Hábito e Gosto são dois conceitos que, neste contexto, podem produzir uma conexão profunda entre si, ou não.
Será que quem tem hábitos de leitura, tem obrigatoriamente o gosto e o prazer de ler?
Aplicada à leitura, a palavra hábito indica que aquela pessoa habitualmente lê. Que o faz de forma continuada. Analisemos em que contexto lê: por obrigação, porque tem que prestar provas e precisa de se preparar? Profissionalmente, porque as suas funções a obrigam à actualização de conhecimentos e por isso é obrigada a ler? Porque gosta de estar informada sobre o que se passa no mundo, no seu clube de futebol ou nas “fofoquices” sociais e então lê jornais e revistas? Ou porque gosta simplesmente de ler e para além das leituras obrigatórias e informativas, lê simplesmente como evasão, porque lhe dá prazer ler ficção, poesia?
É aqui que os dois conceitos se tocam: hábito e gosto completam-se quando se realizam todas as formas de leitura: leitura informativa / formativa e leitura literária / recreativa.
Parece-me interessante reflectir sobre os caminhos que conduzem a estes dois conceitos. Quanto ao hábito chega-se lá pela prática. Desde muito pequenas as crianças tomam contacto com a leitura. Aprendem a ler. Lêem porque precisam de estudar. Praticam a leitura em contexto escolar, daí adquirirem algum hábito. Poderemos então questionar: quando a leitura deixar de ser uma imposição escolar, ou profissional, continuará a ler?
A leitura é uma prática que passa para além da dimensão física das palavras. Ou seja, não é uma prática linear, tem uma dimensão psíquica, cognitiva que está muito para além do signo escrito. Ela toca os sentidos e transforma-se em arte.
Quando alguém lê e pode ler muito, mas lê apenas porque é necessário aprender, porque é importante estar informado, a leitura está a cumprir apenas uma função: dar significado, transmitir conhecimento.
Mas quando ler se torna uma prática indispensável e, no sentido estético, se transforma num alimento para a alma, como quando se ouve música, ou se admira uma peça de arte, essa leitura não é aquela de que falávamos anteriormente. Esta leitura desperta em nós novos estados emocionais e transporta-nos para mundos diferentes que não conhecemos, mas que passamos a habitar, porque se tornam parte integrante do nosso imaginário.
Seguindo este raciocínio, concluímos que hábito e gosto pela leitura, são dois conceitos que podem ou não coexistir. Contudo, a não coexistência fragiliza-os; se existe hábito sem gosto, facilmente se deixa de ler, o hábito vai-se perdendo e se não houver nada que o alimente, morre.
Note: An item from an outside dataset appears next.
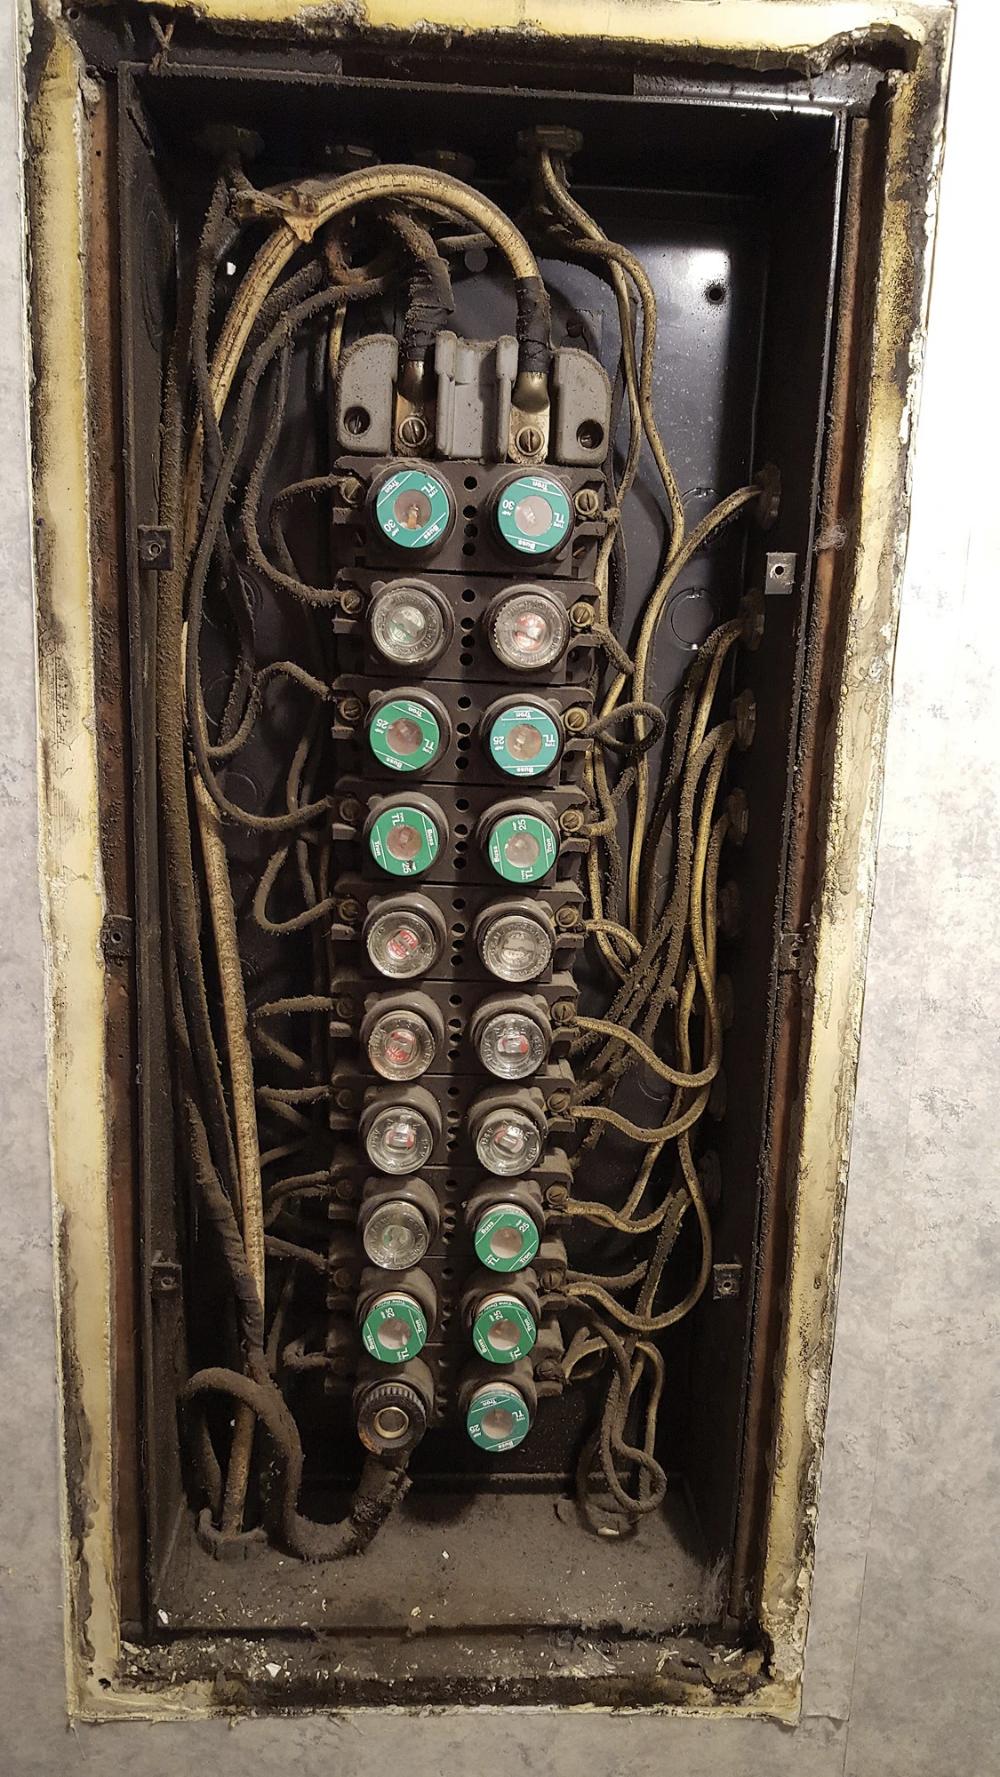 house fuse box wiring an attic - wiring diagram export end-bitter -  end-bitter.congressosifo2018.it  congressosifo2018.it

Também o gosto, se não houver hábito, terá um caminho difícil. Ler não é uma tarefa fácil, pelo contrário é uma tarefa penosa quando não se adquiriu a destreza necessária para a sua prática fluente. Logo, apenas o gosto não chega para atingir os objectivos que pretendemos quando falamos de índices de leitura. Como diz Raquel Villardi (2002) :
“Habituar o aluno a ler tem-se mostrado inócuo, insuficiente (embora desejável) para que se forme um cidadão capaz de incorporar a leitura às actividades do seu quotidiano. Isto só ocorre quando a leitura é vista não como o cumprimento de um dever, mas como um espaço privilegiado, a partir do qual tanto é possível reflectir o mundo quanto afastar-se dele, um espaço no qual é possível encontrar aquilo que a vida nos nega, quer sob a perspectiva da realidade (enquanto informação, conhecimento), quer sob a fantasia. E para que isso ocorra, para que se forme um leitor para toda a vida, o hábito só por si, não chega. Há que se desenvolver o gosto pela leitura.”
Reflectindo sobre esta problemática, podemos ensaiar o seguinte raciocínio: a leitura mecanizada produz o hábito; a leitura trabalhada para os sentidos faz nascer o gosto. A associação dos dois conceitos cria leitores para toda a vida.